一目均衡表は5本の線で構成されている
一目均衡表は、昭和初期に一目山人(ペンネーム)が長年の研究により考案した文字通り一目で相場の均衡を捉えるチャートです。前回は、目均衡表の歴史や考え方、作成の方法などについてかんたんに解説しました。
一目均衡表は、日々のローソク足(価格)と5本の線で構成されます。今回はこの5本の線を使って、相場の強弱を判断する「三役好転(逆転)」についてかんたんに解説します。
一目均衡表は以下の5本の線で構成されています。
(1)転換線…(当日を含む過去9日間の高値+安値)÷2
(2)基準線…(当日を含む過去26日間の高値+安値)÷2
※基準線と転換線は当日の値として記入
(3)先行スパン1 …(転換線+基準線)÷2
(4)先行スパン2 …(過去52日間の高値+安値)÷2
※先行スパン1と2の値を、当日を含む26日先に記入
(5)遅行スパン…当日の終値を当日を含む26日前の位置に記入
※現在の価格と並行する線となる。
抵抗帯(雲)…先行スパン1と2の間の帯状をいいます。
三役好転(逆転)の条件
「三役好転」とは一目均衡表で買いサインとなる、強気相場入りのことを示します。三役好転には条件があり、価格と5本の線の関係で判断する次の3つのポイントがあります。(1)基準線が上向きもしくは横ばいの状態にあるとき、転換線が基準線を上回る、(2)遅行スパンが26日前の価格を上回る、(3)現在の価格が抵抗帯(雲)を上回ること、です。
一方、三役逆転は売りサインとなる、弱気相場入りのことを示します。(1)基準線が下向きもしくは横ばいの状態にあるとき、転換線が基準線を下回る、(2)遅行スパンが26日前の価格を下回る、(3)現在の価格が抵抗帯(雲)を下回ること、が条件です。
転換線と基準線の関係
転換線が基準線を上回っている場合は「強気相場」、下回っている場合は「弱気相場」と判断します。(1)転換線が基準線を下から上抜けることを「好転」と呼びます(図表1)。移動平均線でみられるゴールデンクロスと近い意味があります。「好転」すれば買いサインとなり、相場の上昇が期待されます。
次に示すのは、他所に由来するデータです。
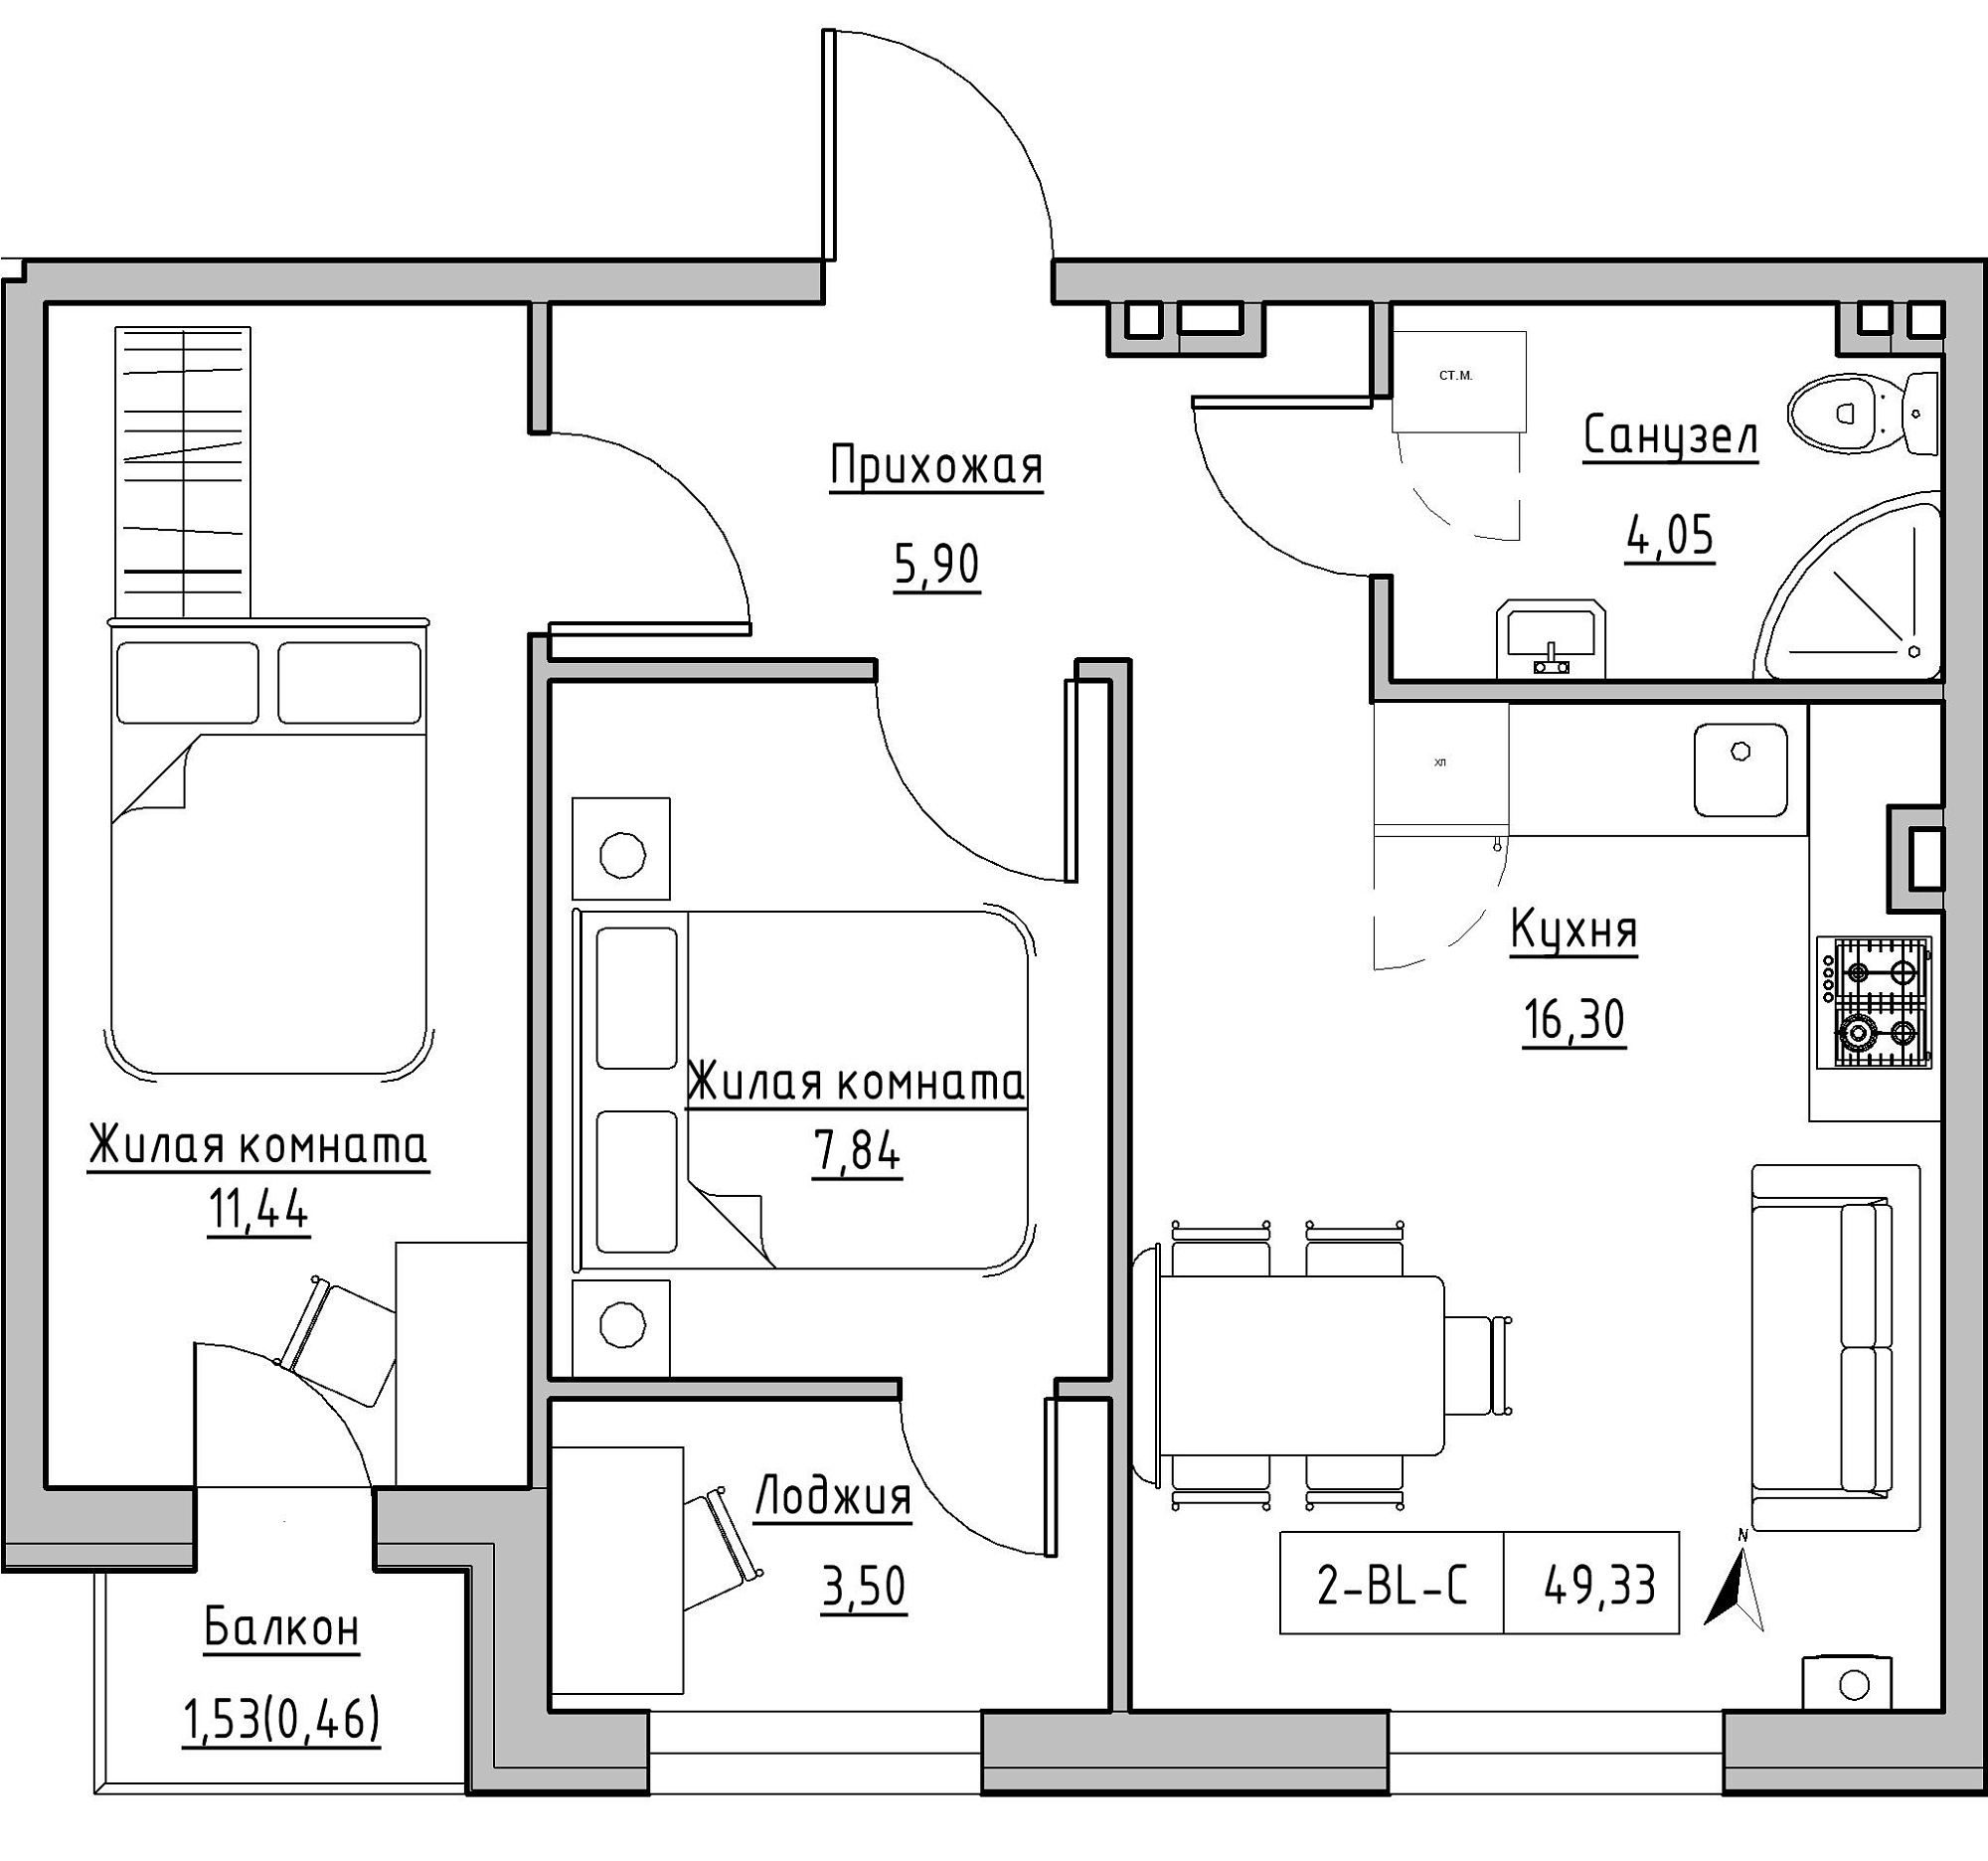 Планування 2-к квартира площею 49.33м2, KS-024-02/0008.

ただし、基準線が上向きもしくは横ばいでなければ「好転」とはならないことに注意してください。基準線の上向きが伴わない場合は買いサインがダマシとなったり、価格の上昇は長続きしません。
(2)逆に、転換線が基準線を上から下抜けることを「逆転」と呼びます。移動平均線でみられるデッドクロスの状況と近い意味があります。「逆転」すれば売りサインとなり、相場の下落が懸念されます。ただし、基準線が下向きもしくは横ばいでなければ「逆転」とはならないことに注意してください。基準線の下向きが伴わない場合は売りサインがダマシとなったり、価格の下落は長続きしません。
遅行スパンと価格の関係
遅行スパンは、当日の価格を当日を含む26日前の位置に記入し、毎日つないだ線です。現在価格と並行する線となります。26日前の価格と比較することで、売りと買いのタイミングがわかるとされています。(1)遅行スパンが26日前の価格を上抜けた場合、「好転」の買いサイン(図表2)、(2)遅行スパンが26日前の価格を下抜けた場合、「逆転」の売りサインとなります。
価格と抵抗帯(雲)の関係
先行スパン1と先行スパン2の間の帯状を「抵抗帯(雲)」といいます。(1)価格が雲を上抜けば「好転」の強気相場入りと判断(図表3)、(2)価格が雲を下抜けば「逆転」の弱気相場入りと判断します。
ただ、雲を上抜けたり、下抜けたりすることは簡単ではありません。雲を上抜けられずに反落する(抵抗になる)ケースや、雲を下抜けずに反発する(支持になる)ことが多いといえます。それゆえに、上抜けすれば強い買いサイン、下抜けすると強い売りサインとなります。
以上、「好転」「逆転」という言葉がたくさん出てきましたが、それぞれ3つの「好転」が揃うことを「三役好転」の強気相場入り、それぞれ3つの「逆転」が揃うことを「三役逆転」の弱気相場入りと判断します。